Christmas 1999, as an excited 15-year-old, I unwrapped my first Personal Computer, purchased from the now-defunct British electrical retailer, Comet. Less than one month later my father, in dispute with the branch manager, was threatening to launch the painfully sluggish machine through the shop window and it had nothing to do with the Millennium bug. 

Before Comet eventually relented and refunded the money, my uncle, a local IT whizz said of the terrible PC, “a machine can only be as good as its components.”

When looking at a couple of shortlisted entrants to this year’s TCT Awards, I wondered whether Uncle Patrick’s statement was as true now for desktop 3D printing as it was then for personal computing.  

After the experience with the shop bought PC, Patrick taught me to build PCs, scouring computer fairs across the country on the hunt for appropriate components that I’d then assemble with varying degrees of success. Theses clunkily-put-together machines, with their parts exposed and super-loud fan systems, ran Championship Manager much faster than the shinier looking, shop bought, CE marked Comet one ever mustered.

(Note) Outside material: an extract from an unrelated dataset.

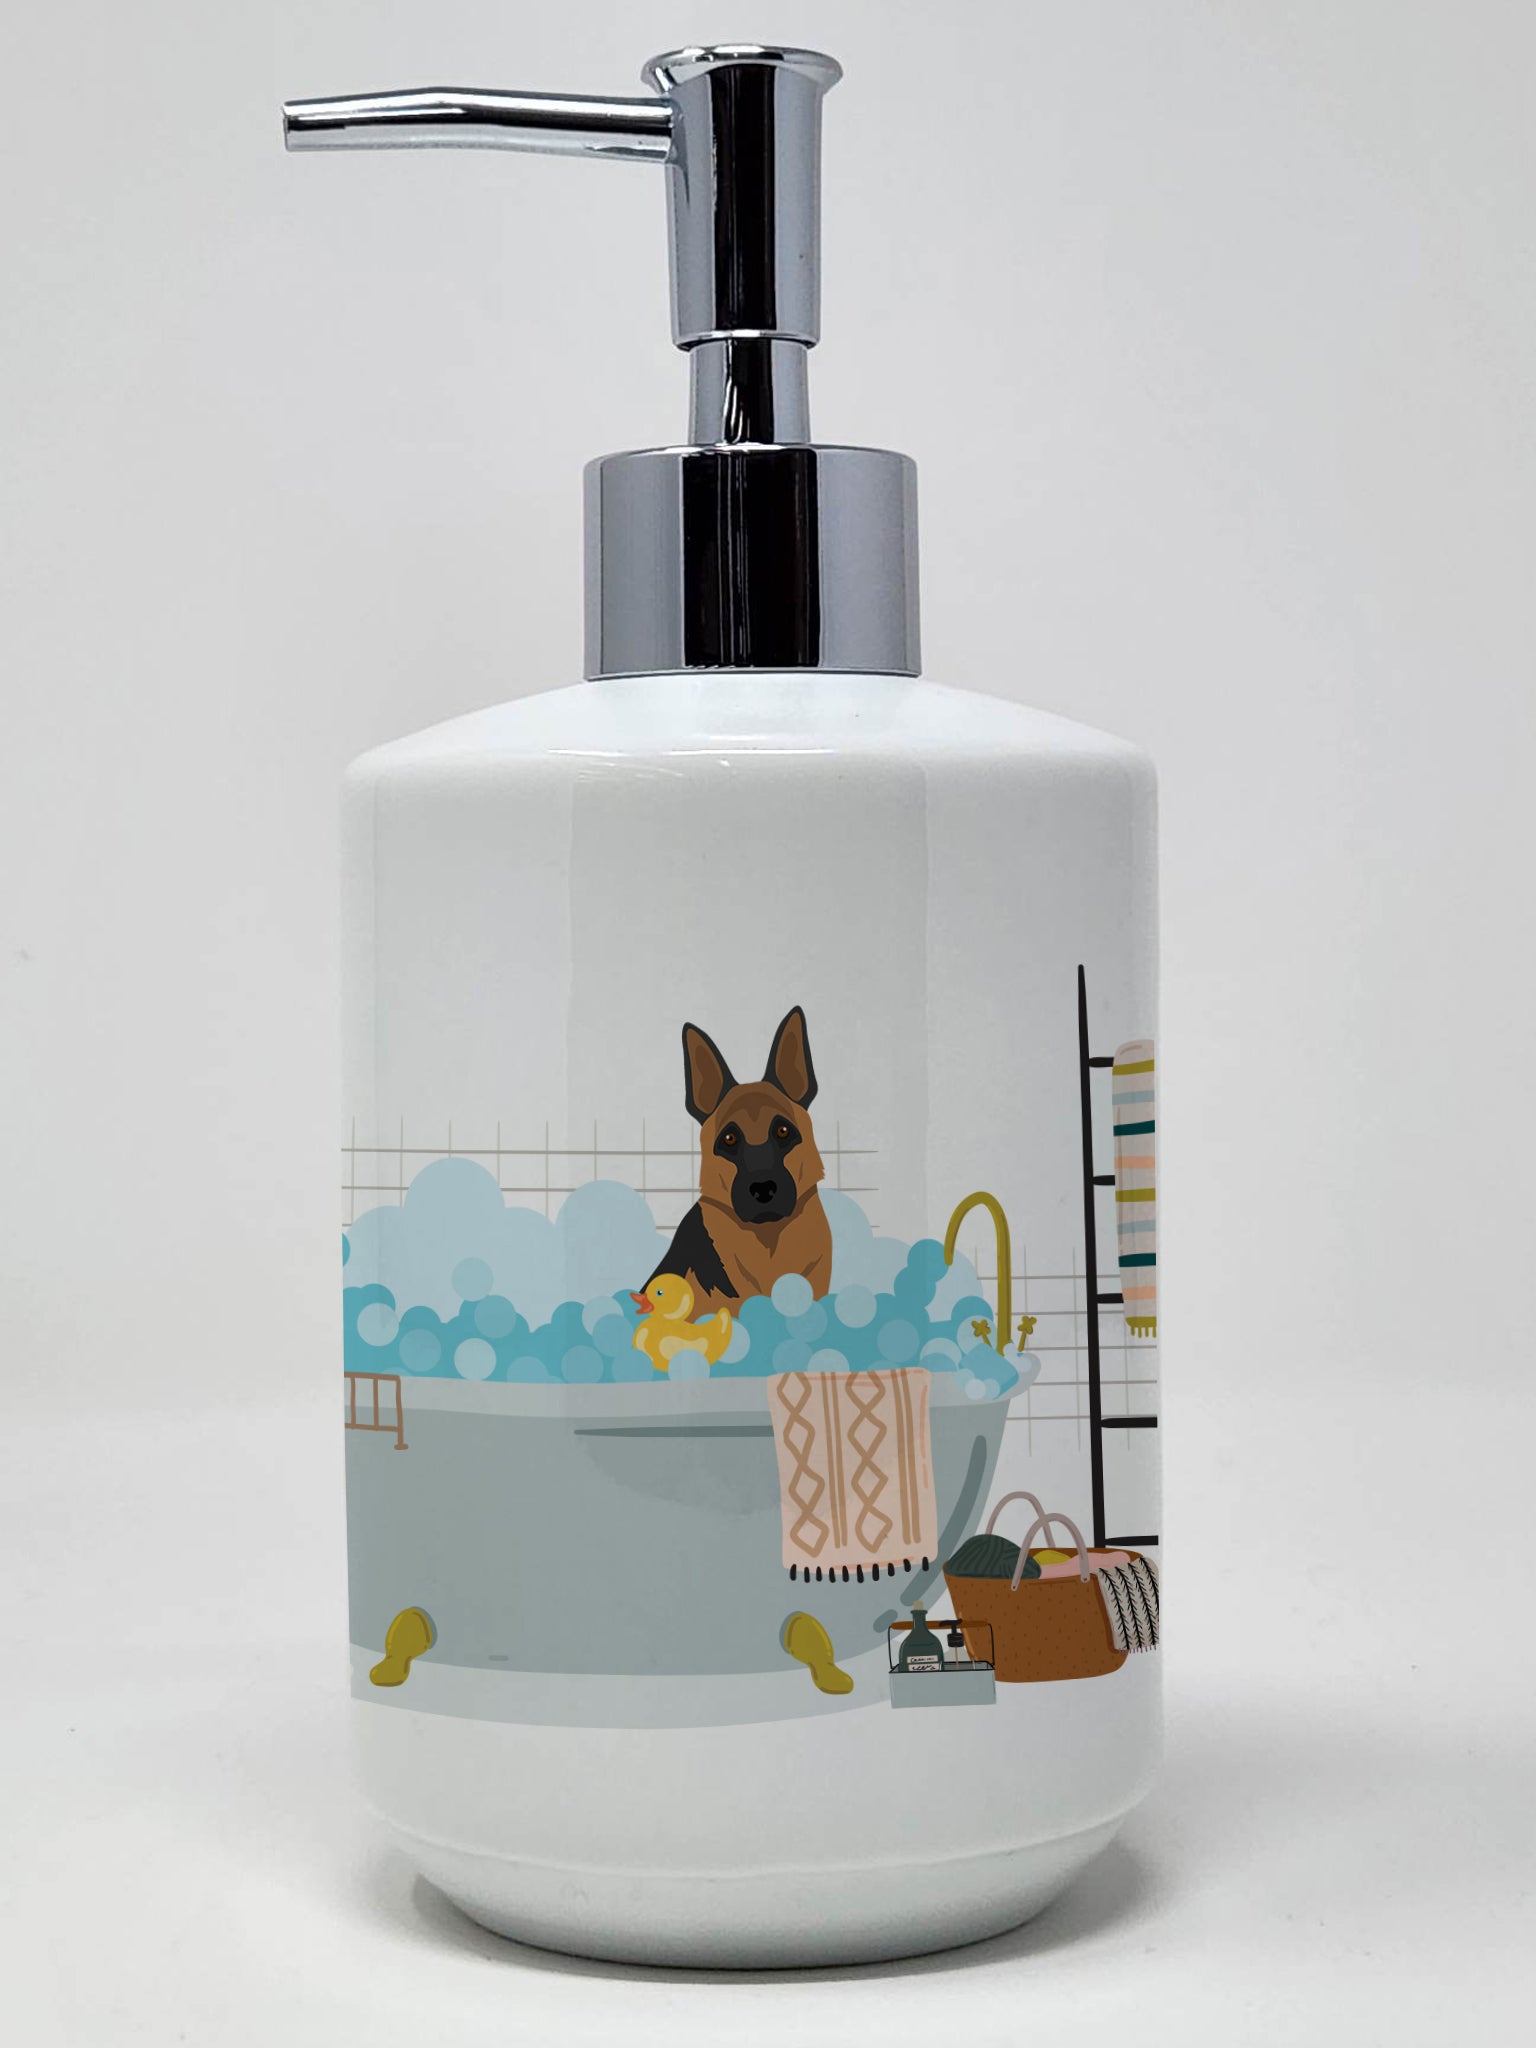 Buy this Black and Tan German Shepherd Ceramic Soap Dispenser

We’ve had our fair share of 3D printers on loan at TCT that are comparable to that Comet PC. Assembled, ‘plug-and-play’ machines that have been, by and large, slow, unintuitive, prone to failure, and frustrating to the point where if I’d have paid for them, I too would be looking for a shop window for which to launch through. 

However, there’s a raft of hobbyists building their own or upgrading on existing desktop 3D printers. Thanks to that ever-growing demand there’s also a steady supply of manufacturers producing components that move the dial on 3D printing’s viability as an easy-to-use, reliable technology be that for the home or the engineer’s desk. 

Tips of the iceberg

Take the Olsson Ruby FDM Nozzle, a finalist in the TCT Hardware Award 2018 – Non-polymer Systems, this add-on has the potential to take sub £500 FDM printers and have them churning out parts in engineering- grade carbon filled filaments. 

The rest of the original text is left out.